- [Data provided]

-*-

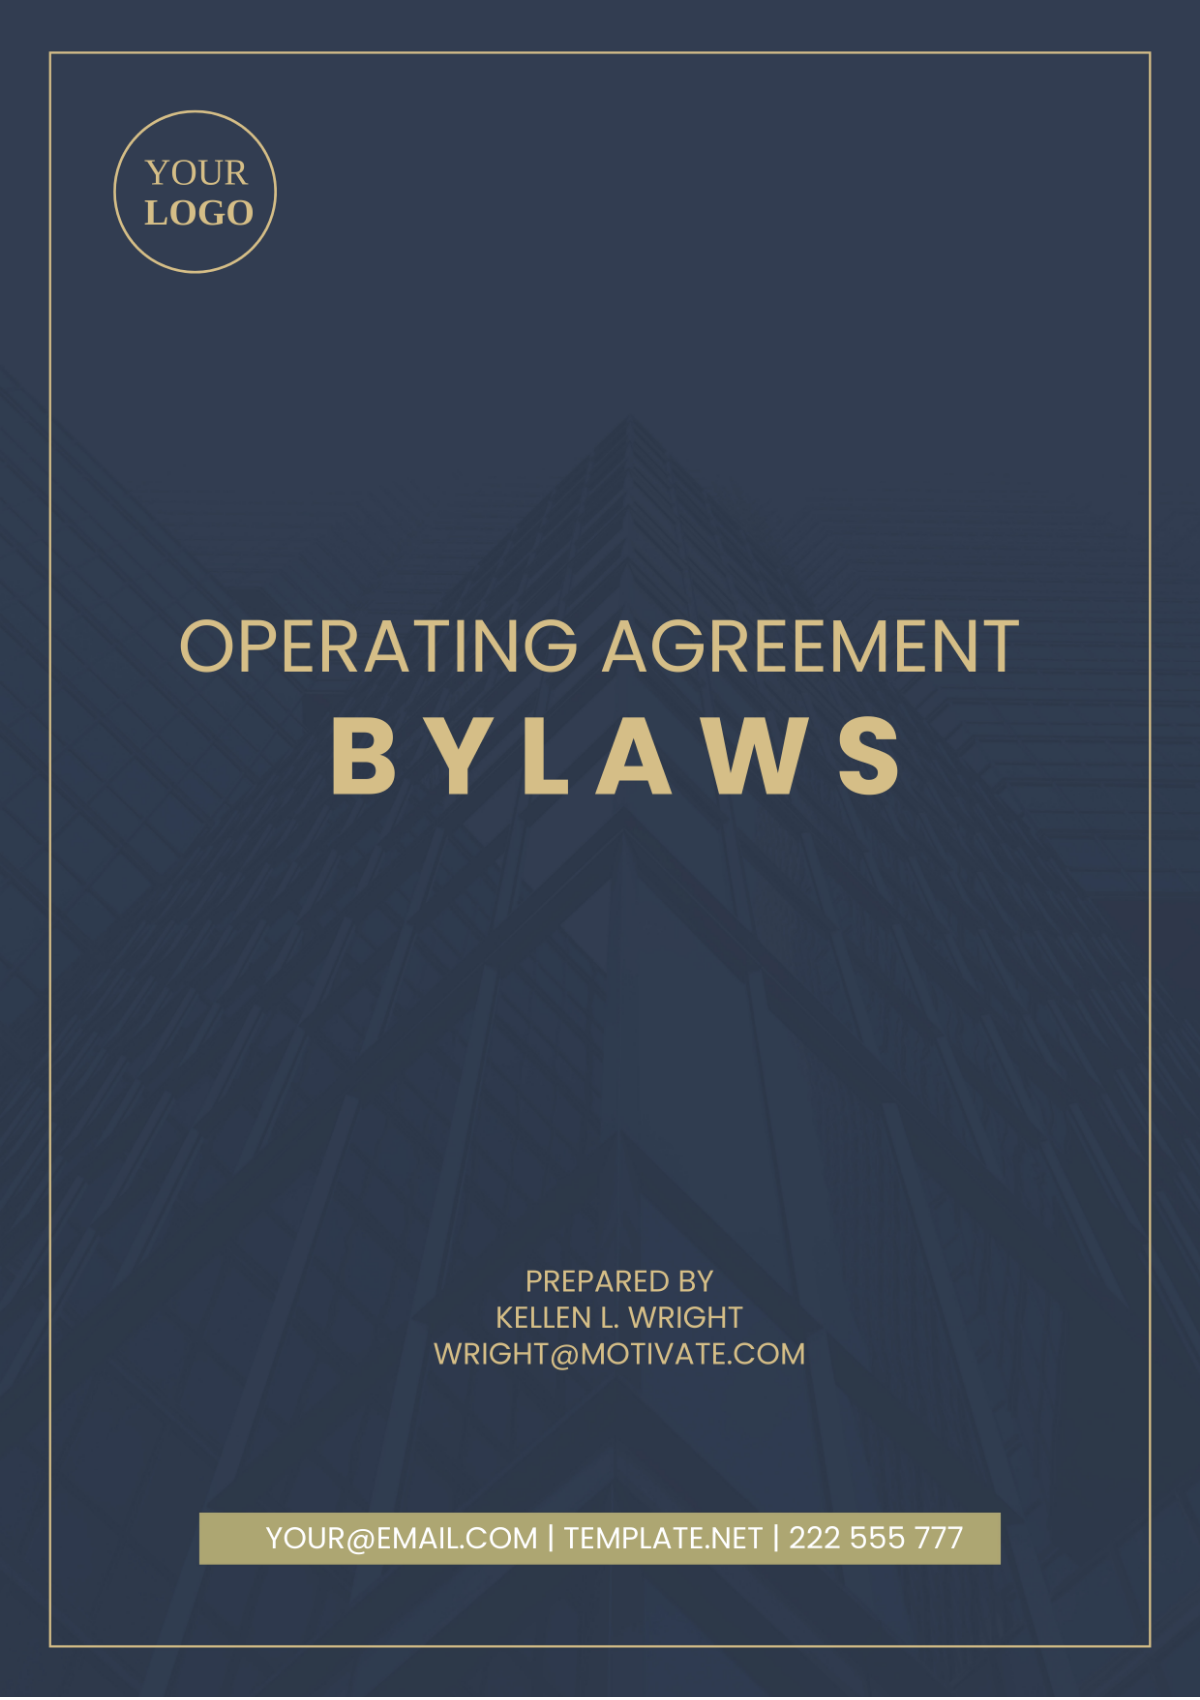 Bylaws Operating Agreement Template
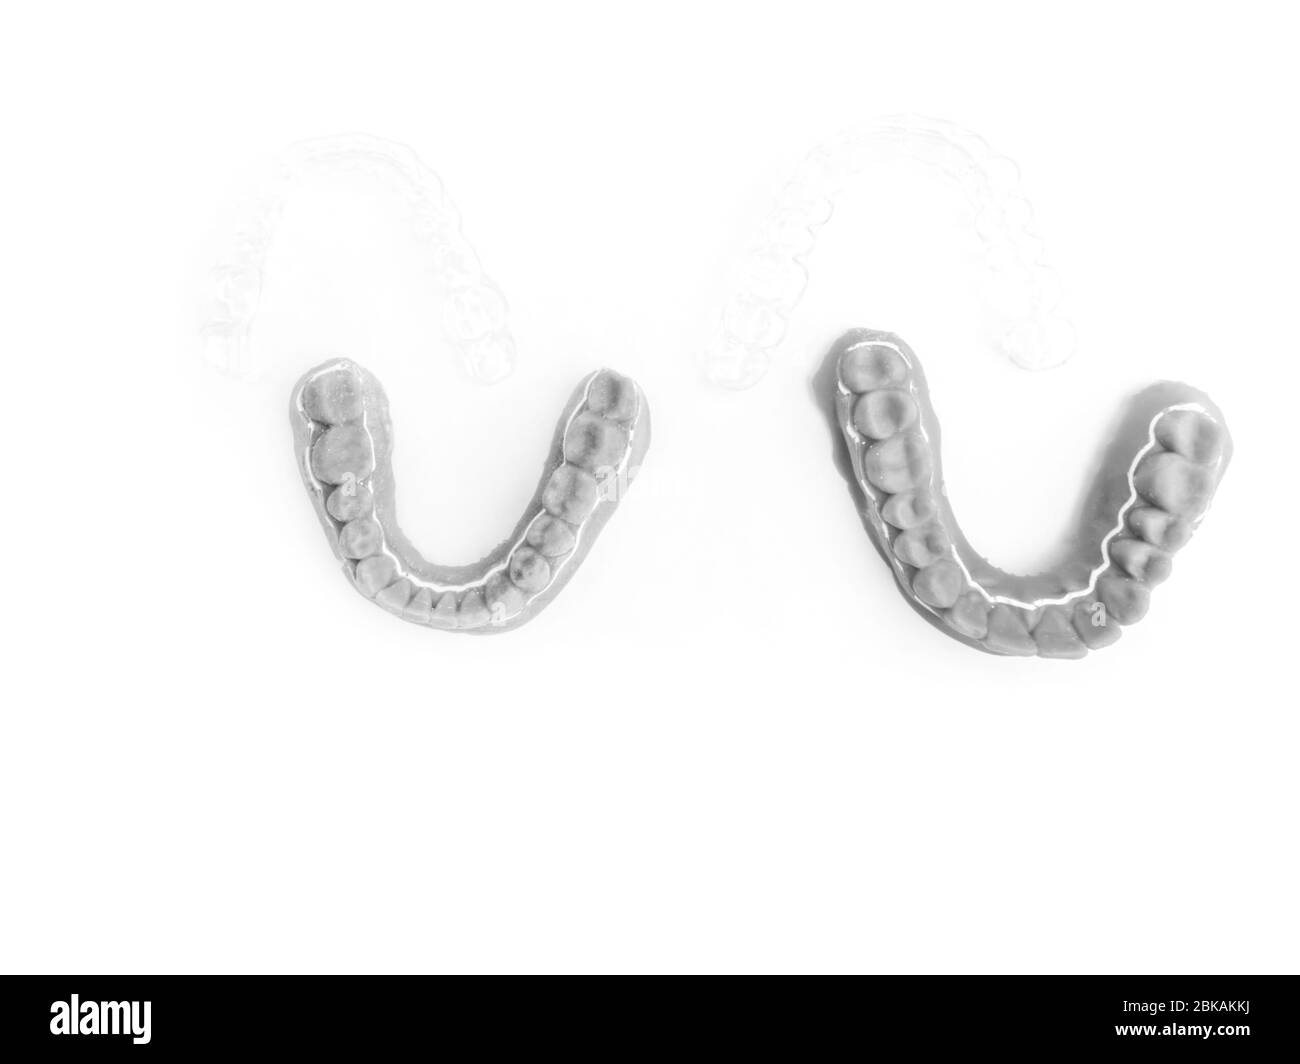 Gypsum model and transparent aligners, copy space Stock Photo
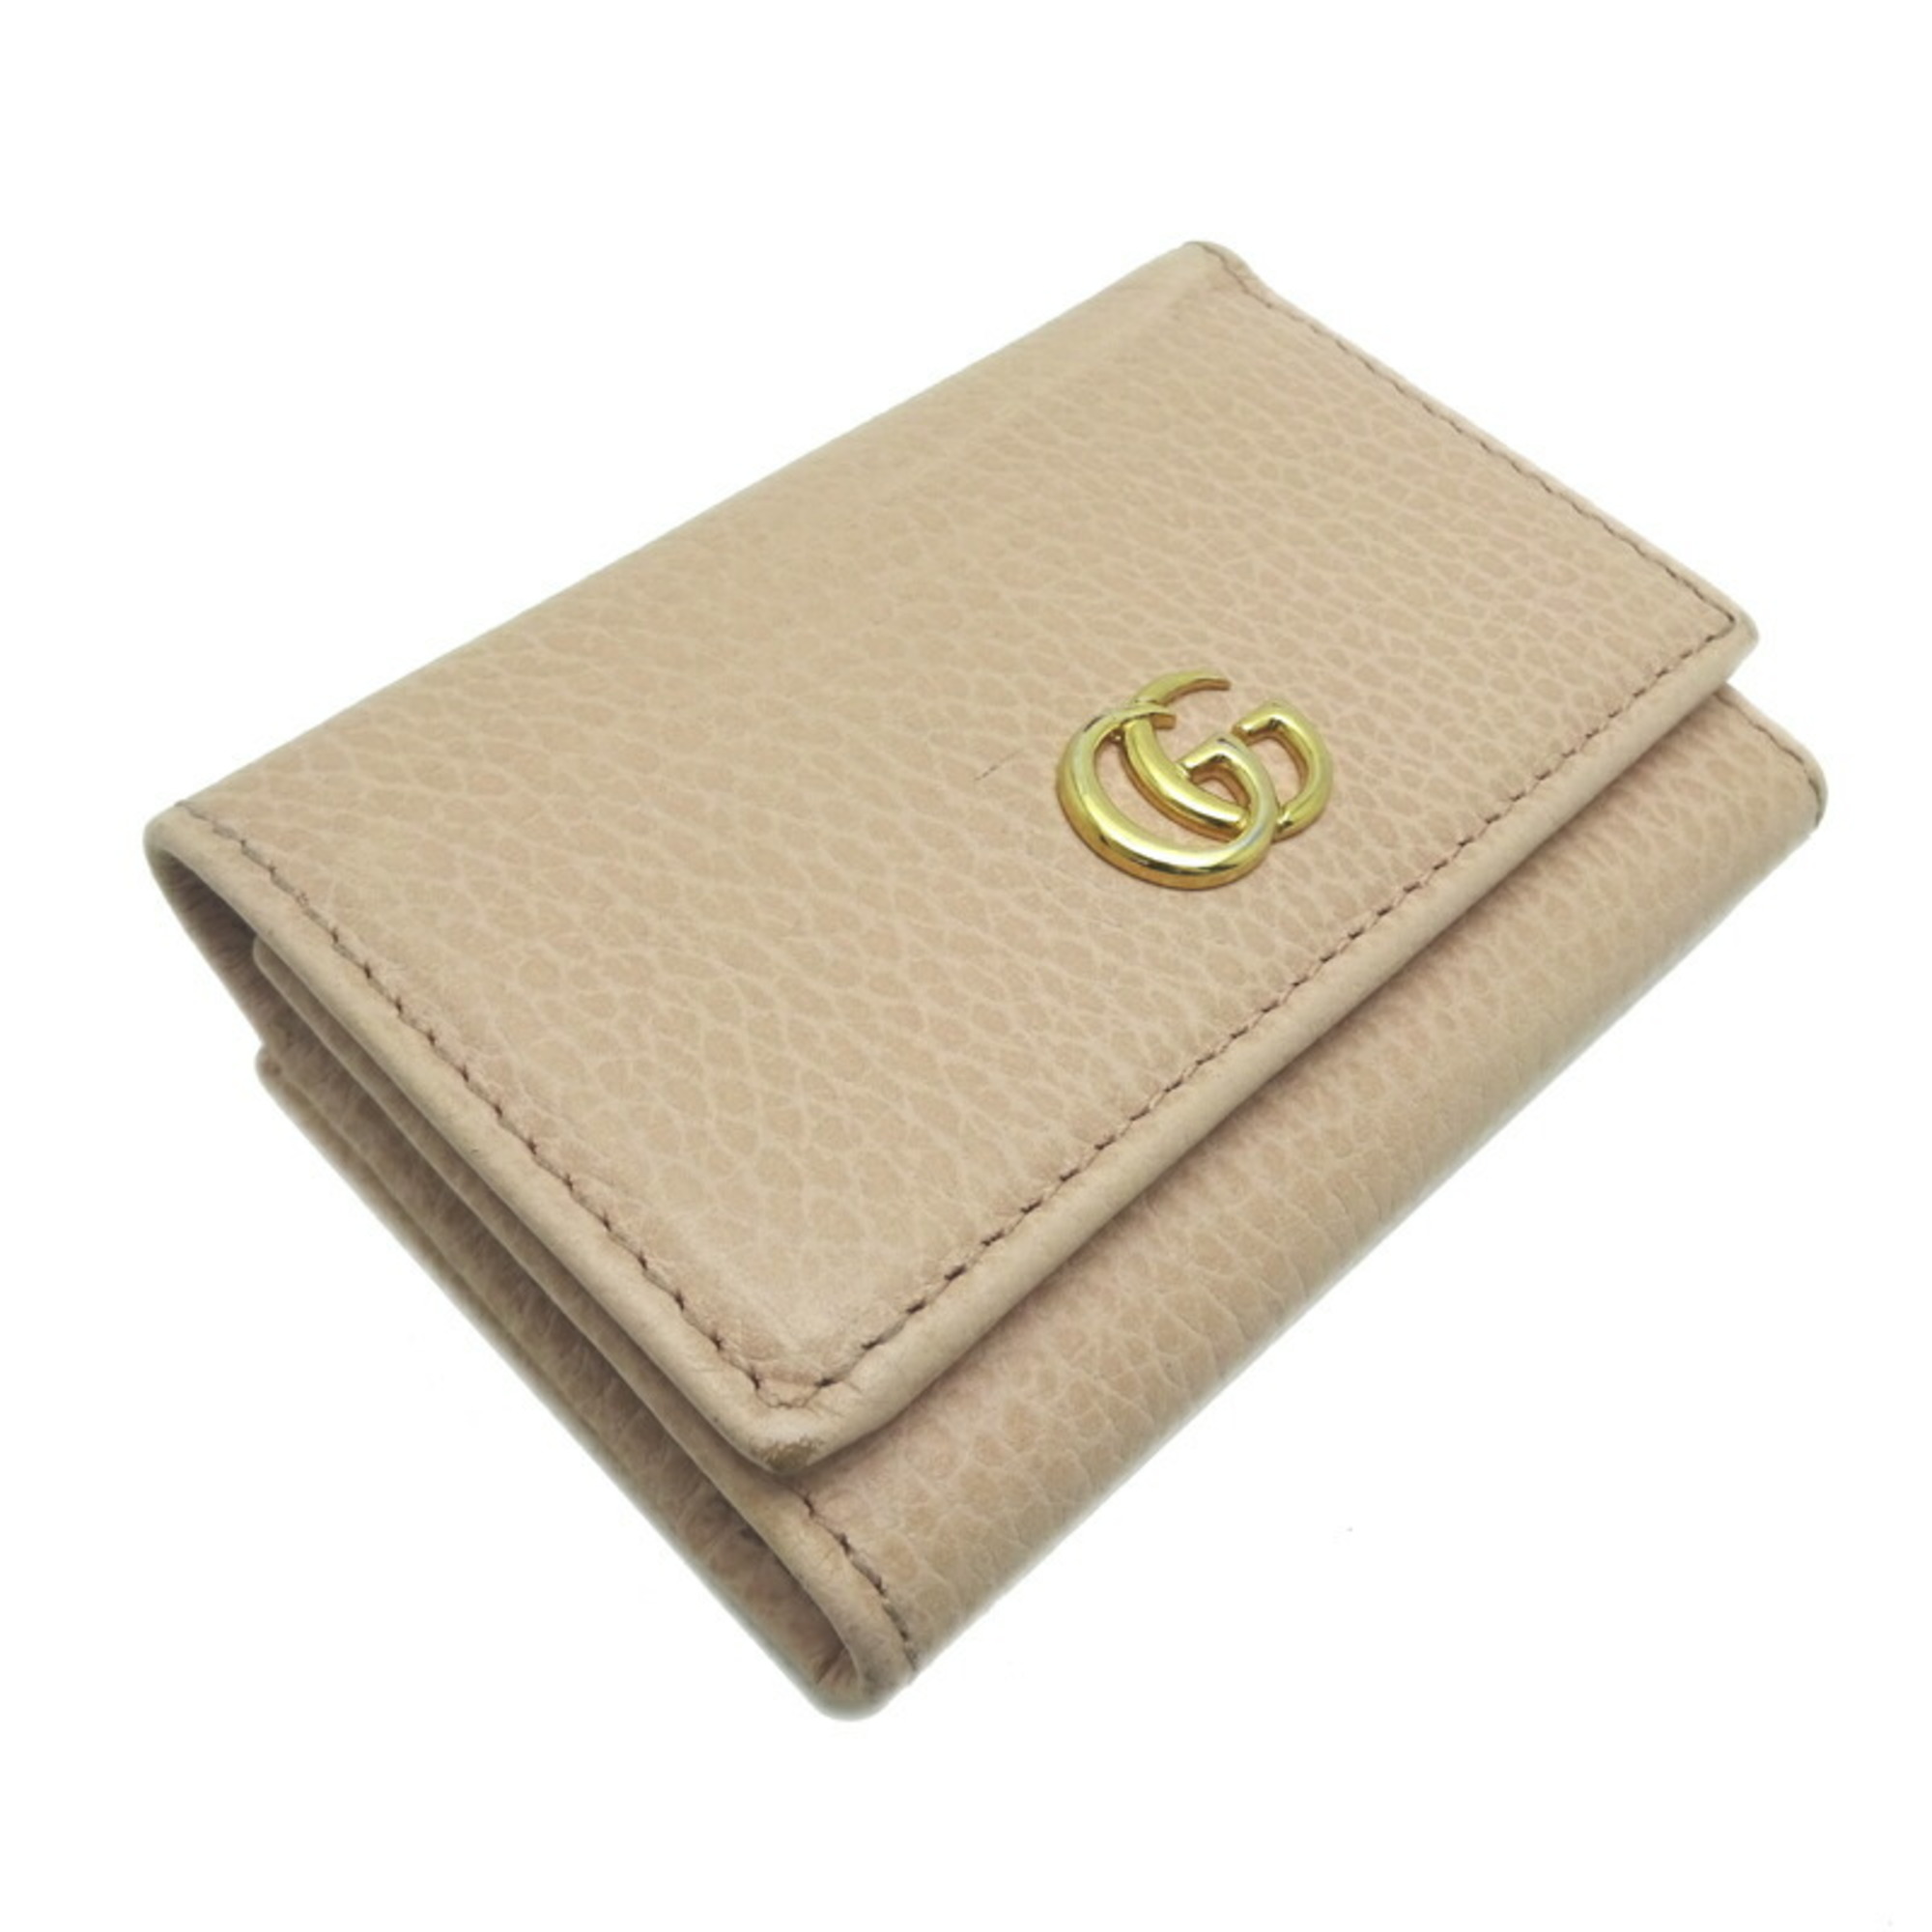 Gucci GG Marmont Compact Wallet Women's Tri-fold 644407 Leather Pink
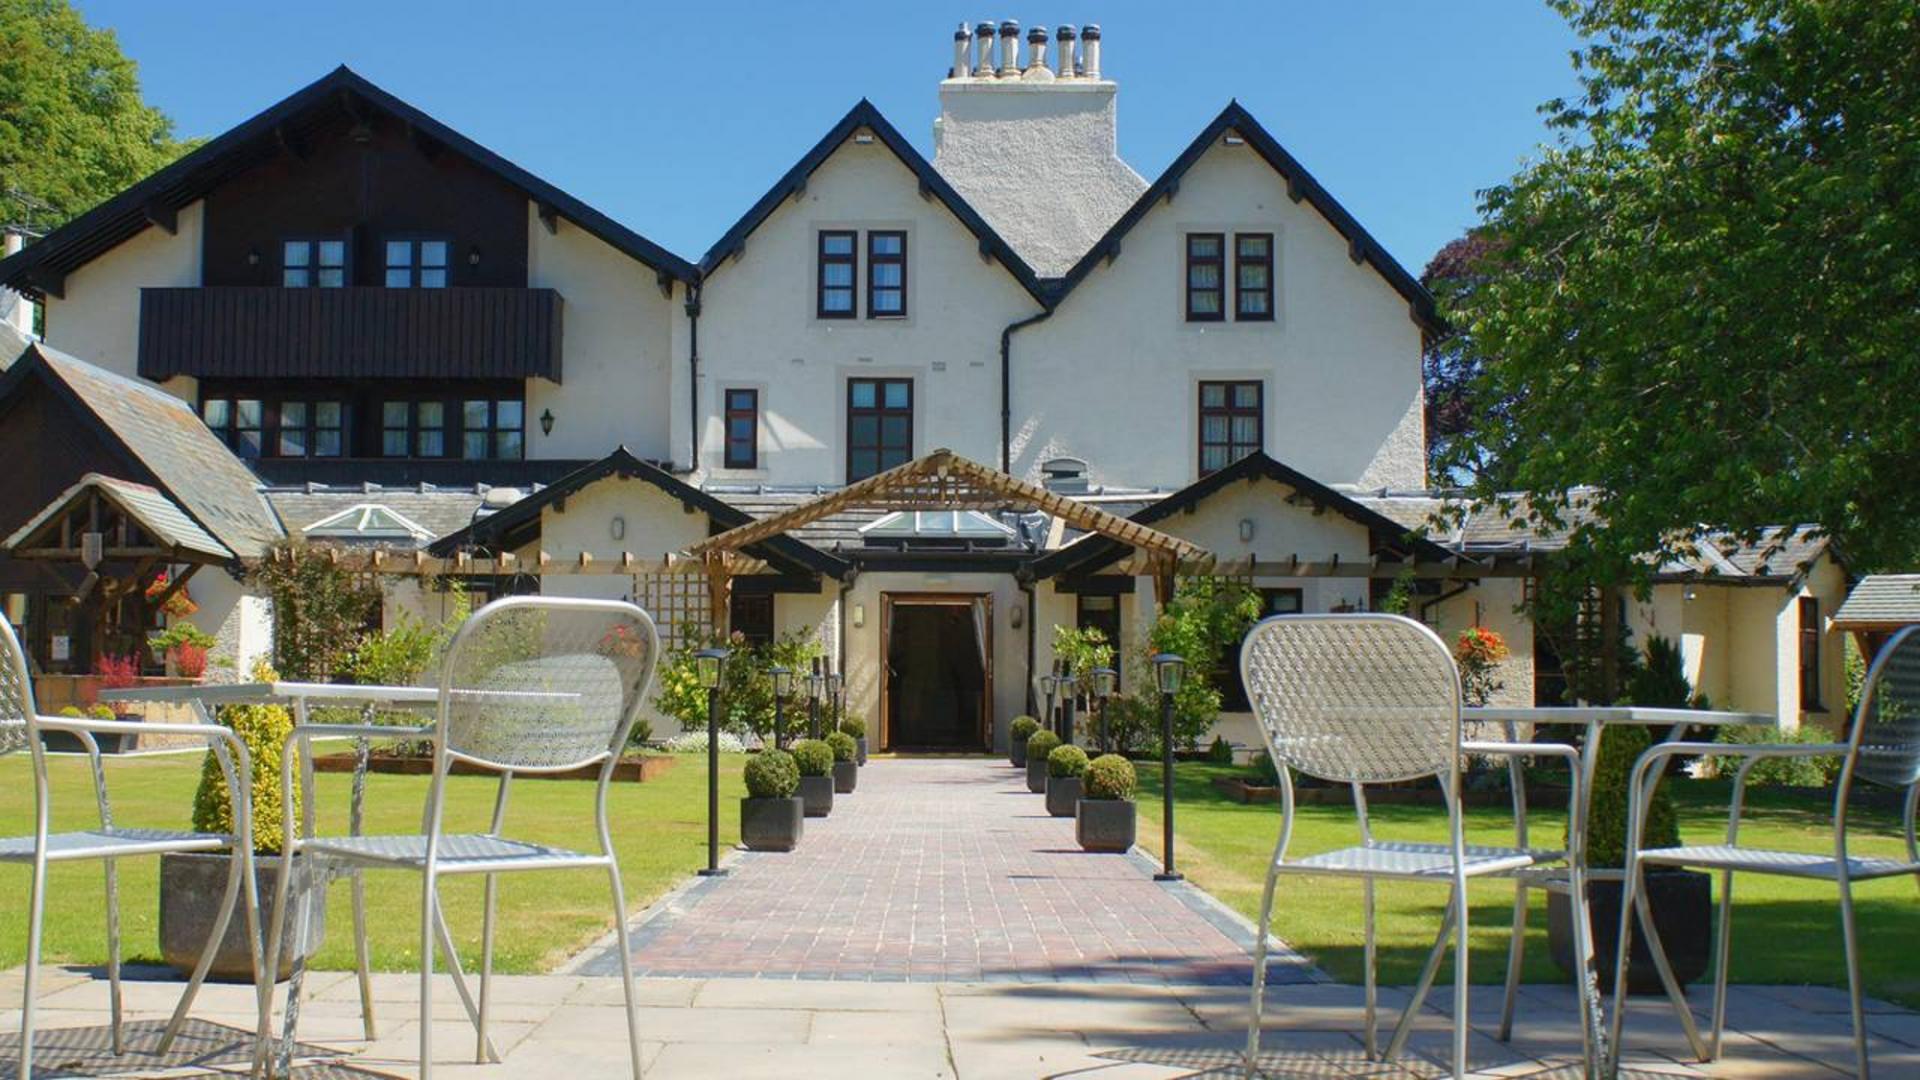 Scottish Borders country house hotel on the market for £1.3m

-*-

- [Problem] An exact copy of the listing above is to be set down, with no pictures in it.

- [Reply to the exercise]
 Bylaws Operating Agreement Template
 Gypsum model and transparent aligners, copy space Stock Photo
 Gucci GG Marmont Compact Wallet Women's Tri-fold 644407 Leather Pink
 Scottish Borders country house hotel on the market for £1.3m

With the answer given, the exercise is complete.